_Exercise brief:_
Reproduce the listing word for word, leaving every picture behind.

_Collected data:_
BEGIN

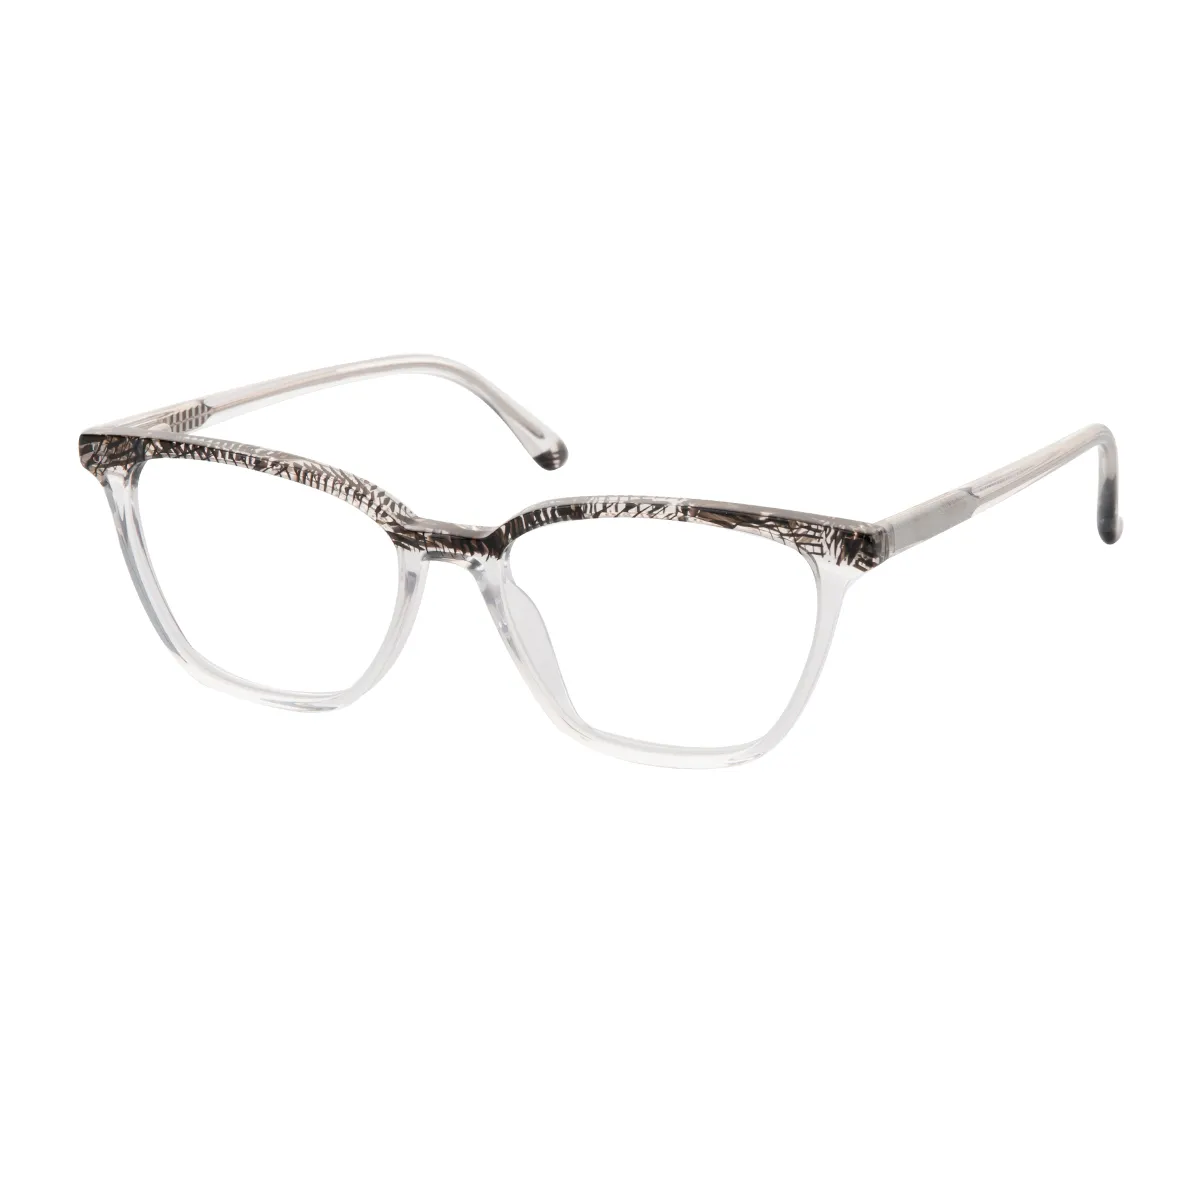 Kary - Cat-eye Black-Translucent Glasses for Women - EFE
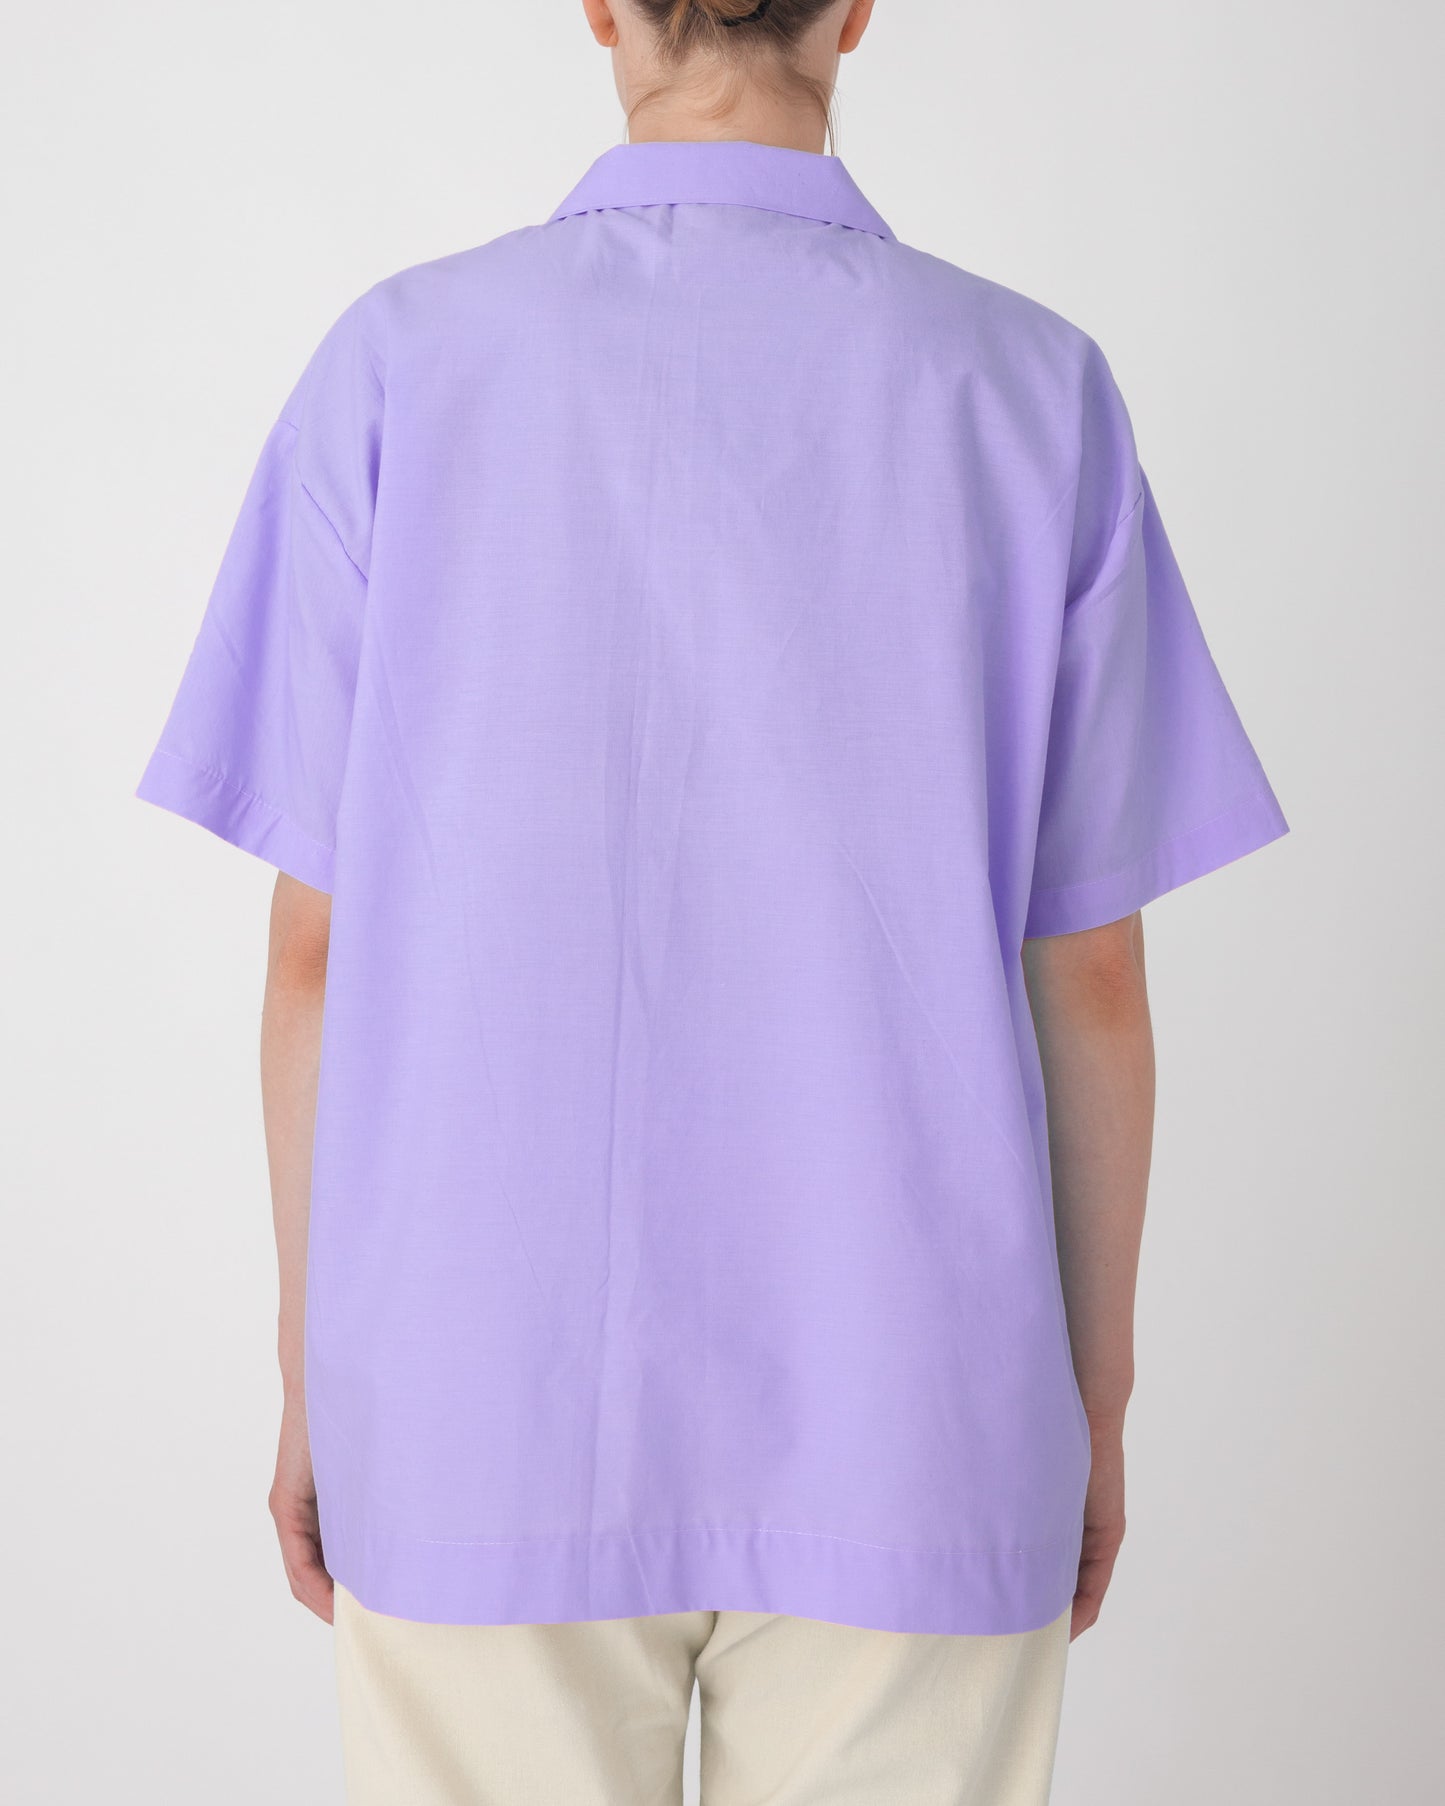 Unisex Bed Linen Shirt
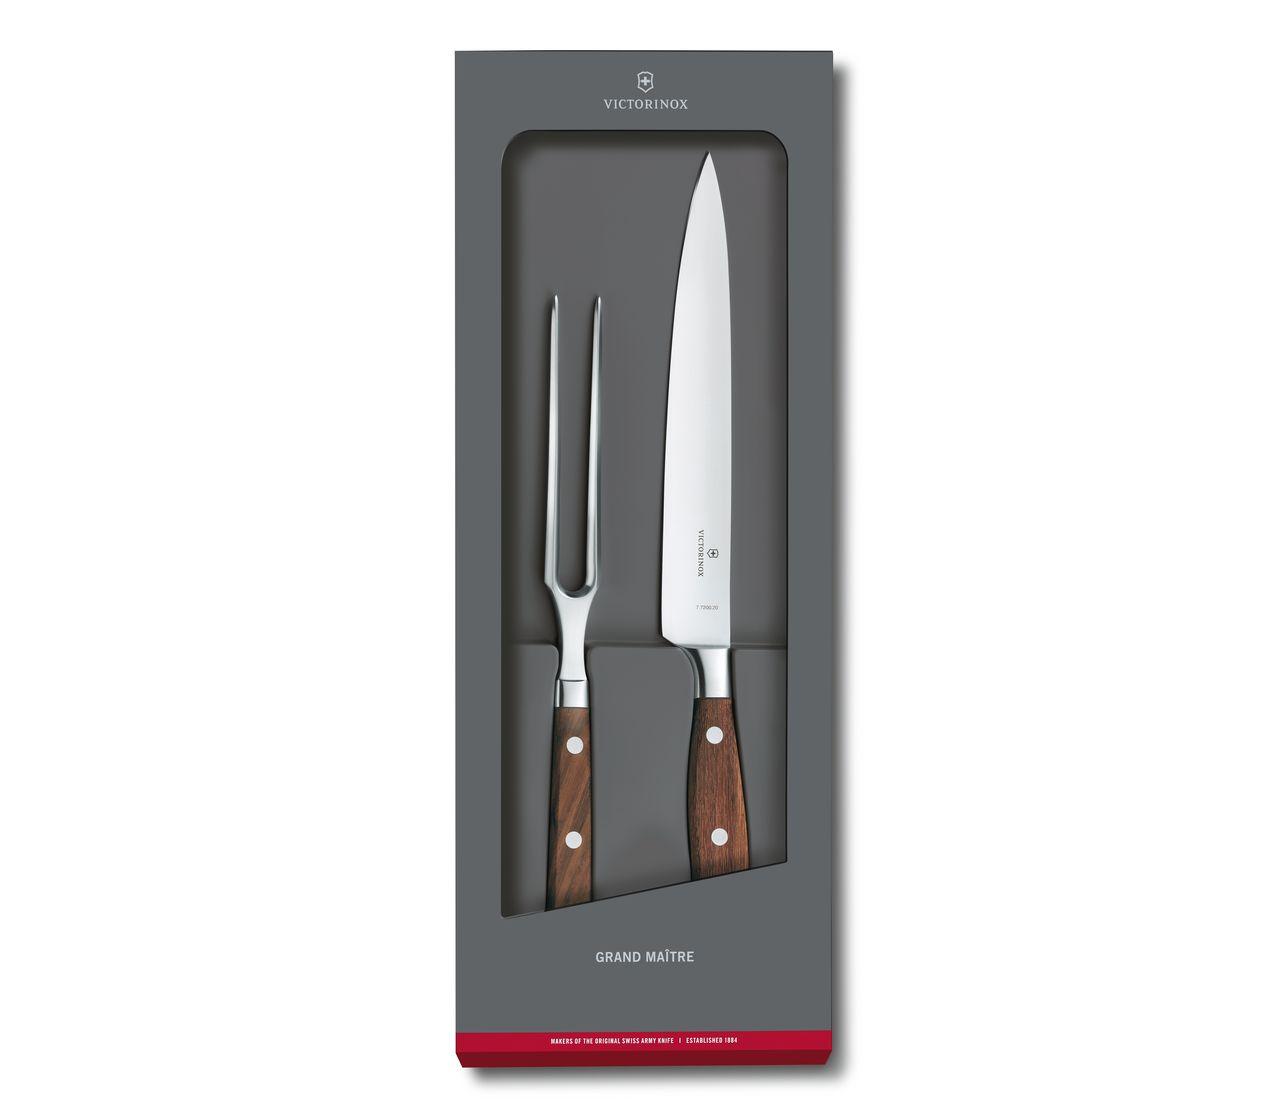 Carving Knife Set – Kerr Forge

END

_Result for this exercise:_
 Kary - Cat-eye Black-Translucent Glasses for Women - EFE
 Unisex Bed Linen Shirt
 Carving Knife Set – Kerr Forge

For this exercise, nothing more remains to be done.